Его встретили настороженно.

«Может быть, уже знают от кого-нибудь», промелькнула опасливая мысль, но отступать было нельзя. Виктор пожал протянутые руки.

— Где пропадал? — спросил Курносый.

— Да так, по разным местам, — небрежно сказал Осминкин.

И, чтобы опередить Курносого, сам задал вопрос:

— Морозовы где?

— Да ты же с ними сел? Что спрашиваешь?

Осминкин сообразил, что этот вопрос он задал, пожалуй, напрасно. Он машинально пошарил в кармане и вытащил махорку.

Курносый демонстративно достал пачку папирос. Закурили.

«Сейчас начнется», догадался Осминкин.

И Курносый начал:

— Темнишь, Виктор!

— Я? — Виктор пожал плечами. — Мне темнить нечего.

Курносый усмехнулся:

— Я думаю, и работать разучился? Руку мимо ширмы сунешь?

— Попробуем! — отшутился Виктор.

— Это хорошо. Нам деловые нужны, — опять усмехнулся Курносый. — Ну, пошли, что ли? — сказал он, обращаясь к своим.

Виктор понимал, что разговор с ними будет, вероятно, не простой. Рассказать всю правду? Скорее всего не поверят ни одному слову. Отовраться как-нибудь? Сказать, что убежал из коммуны? Можно… А что потом? Хорошо бы не пойти с ними, остаться… Но Курносый повернул в переулок, и все тронулись за ним. Осминкин шел в середине, словно арестант.

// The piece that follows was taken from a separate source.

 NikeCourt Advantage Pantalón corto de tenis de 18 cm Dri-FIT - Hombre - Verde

— Витька! — услышал он знакомый голос.

Осминкин остановился. По Мещанской бежала сестра.

— Витька, там пришли к тебе… Идем! Человек ждет! Обязательно, говорит, нужно!

Витька кивнул Курносому:

— Где будете?

— Приходи к часовне, — не поворачиваясь, бросил Курносый, и Витька с облегчением пошел за сестрой.

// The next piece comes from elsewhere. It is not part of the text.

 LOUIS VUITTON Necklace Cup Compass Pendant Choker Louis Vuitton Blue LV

— Может, агент? Милиция? — спросил Осминкин, когда они остались одни.

— Не похож! — отозвалась сестра. — Разве я стала бы звать, если агент!

— Дура, — обозлился Витька. — Что же, ты всех агентов знаешь?

— Не похож на агента! Мать говорит — позови! — упорствовала сестра.

Пройдя к воротам, Осминкин открыл калитку и, пригнувшись, чтобы в окно его не видели, прошел к сеням. Там из-за притолки он заглянул в комнату. Около стола сидел Мелихов.

«Вот тебе на!»

Осминкин вошел в комнату.

— Гуляешь? — осведомился Мелихов. — А я был тут поблизости, решил — зайду, навещу…

Осминкин не знал, что отвечать. Мать грела самовар, кричала из кухни:

— Что же ты, Витя, не объяснил мне? Радость-то какая!

Она вошла в комнату, с умилением глядя на Мелихова.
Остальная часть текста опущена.